▶ SUPPLIED DATA
#####
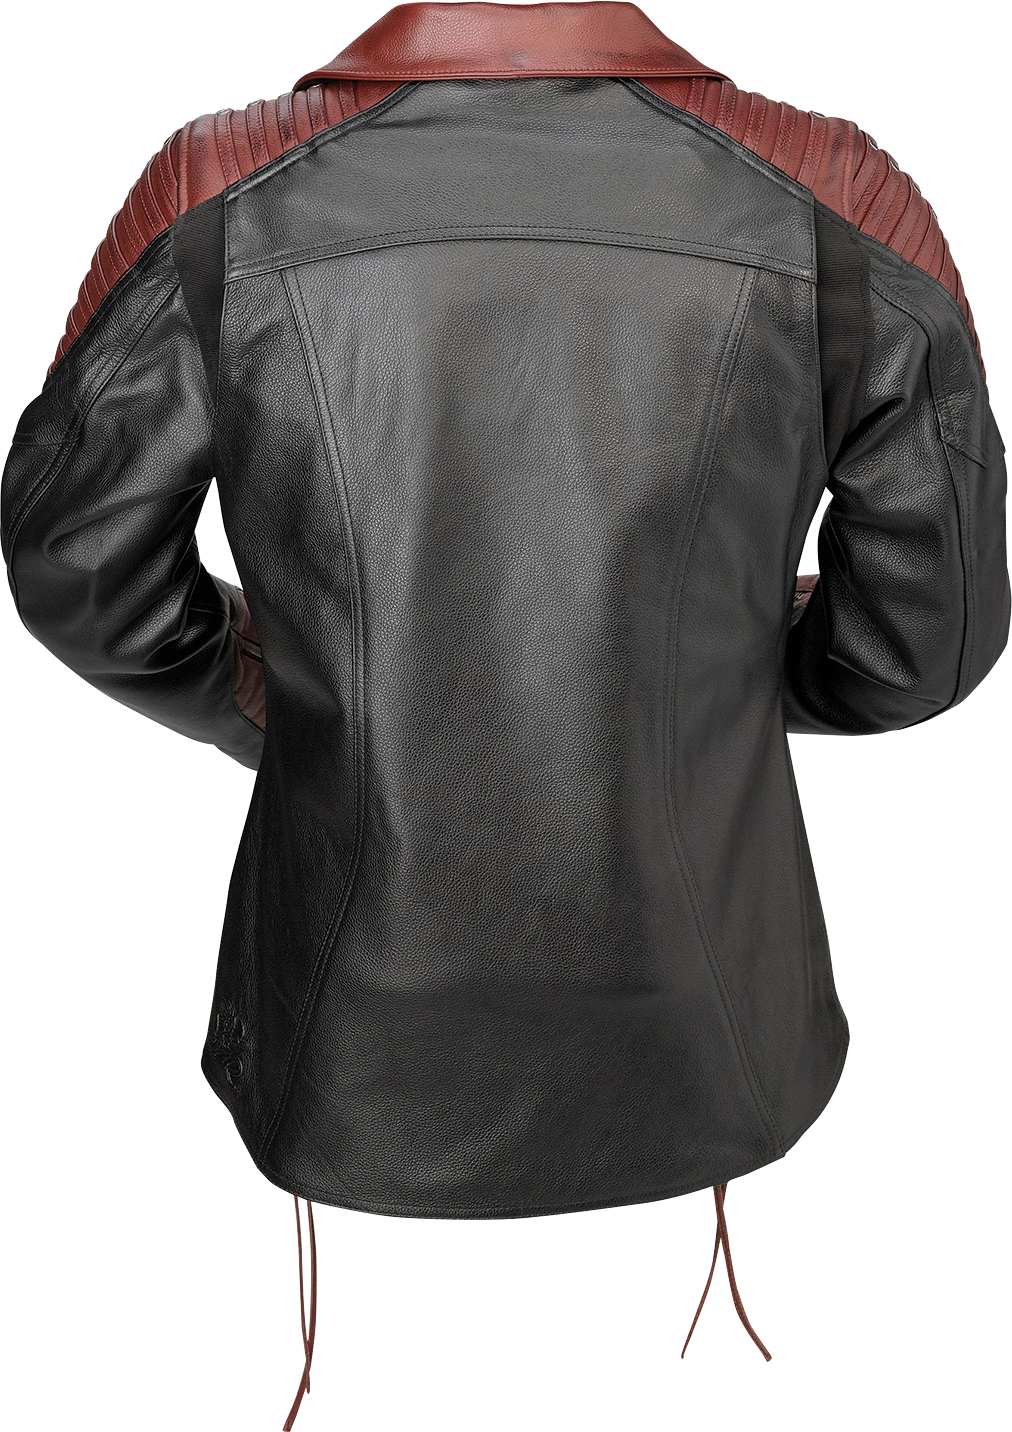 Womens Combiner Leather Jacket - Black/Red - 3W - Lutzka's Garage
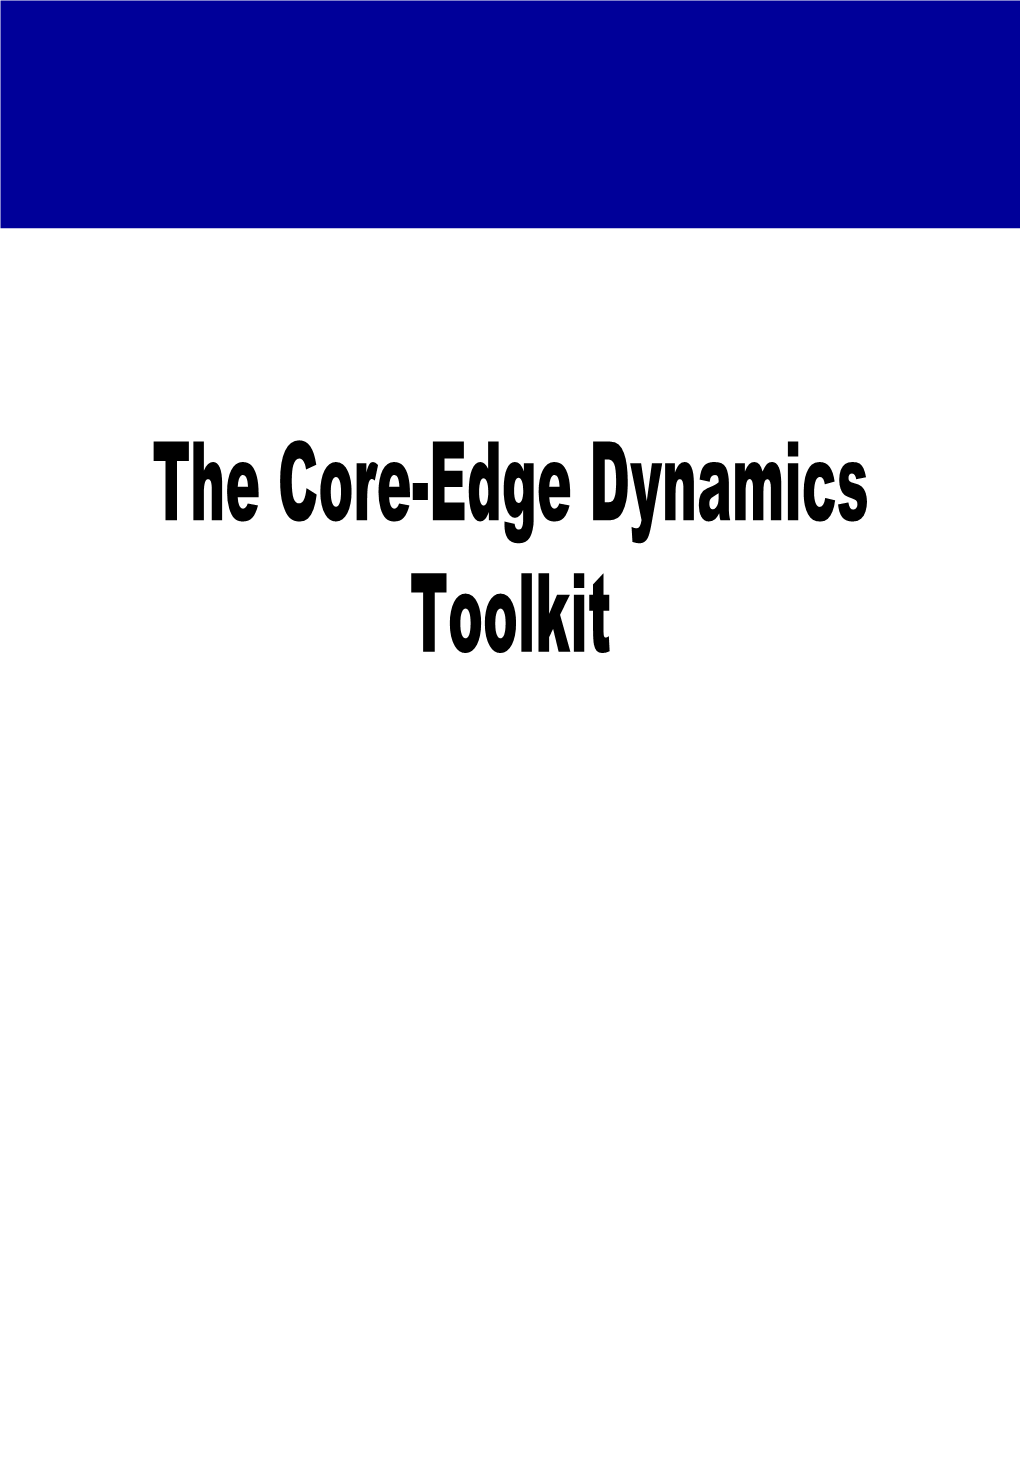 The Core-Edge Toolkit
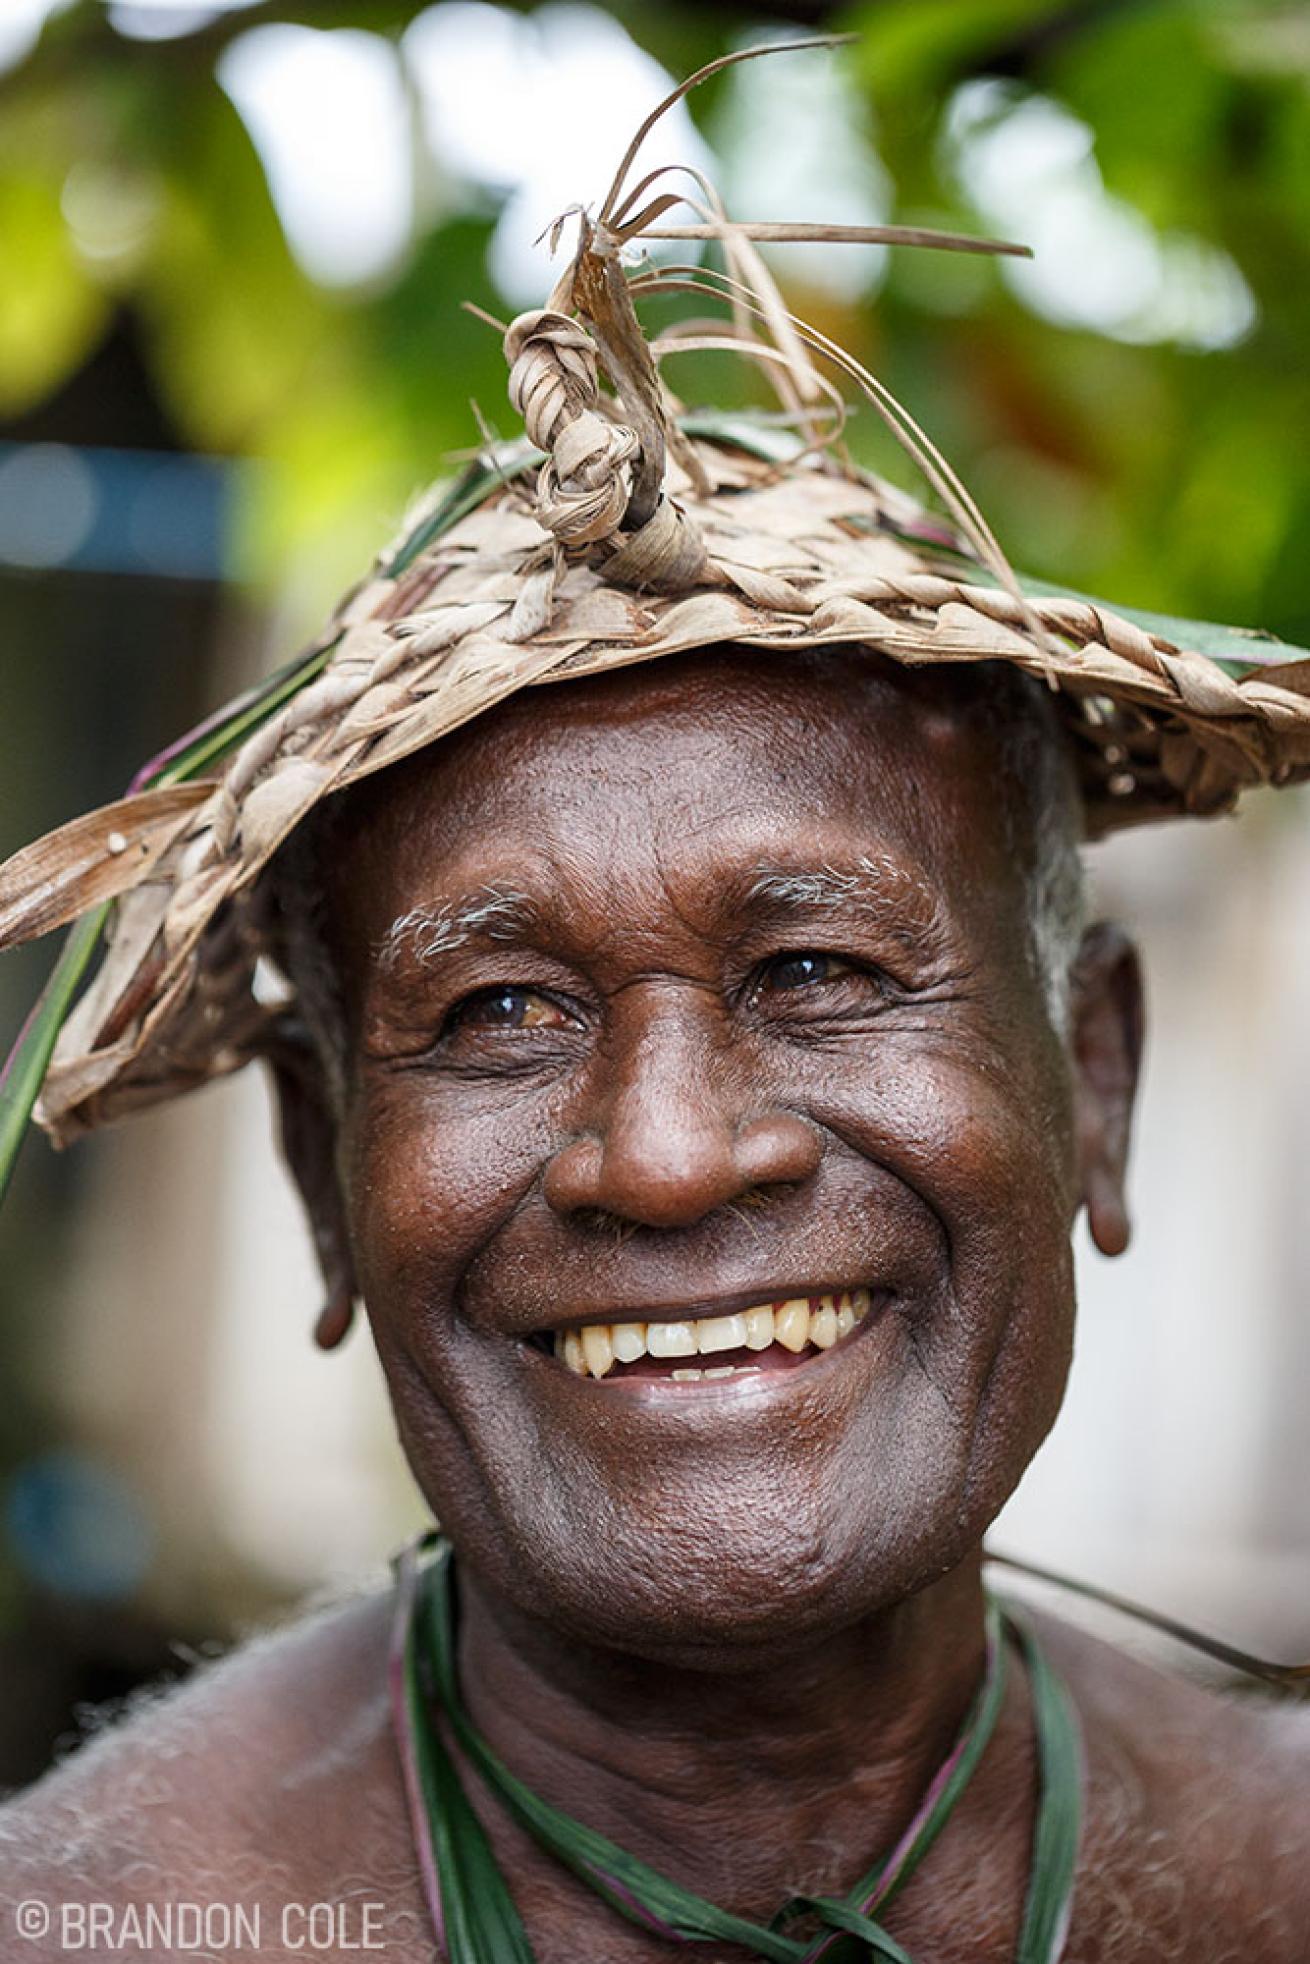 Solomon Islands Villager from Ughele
#####
▶ WHAT TO PRODUCE
Output all of the data exactly as it stands, minus any images.

▶ RESPONSE TO THIS EXERCISE
 Womens Combiner Leather Jacket - Black/Red - 3W - Lutzka's Garage
 The Core-Edge Toolkit
 Solomon Islands Villager from Ughele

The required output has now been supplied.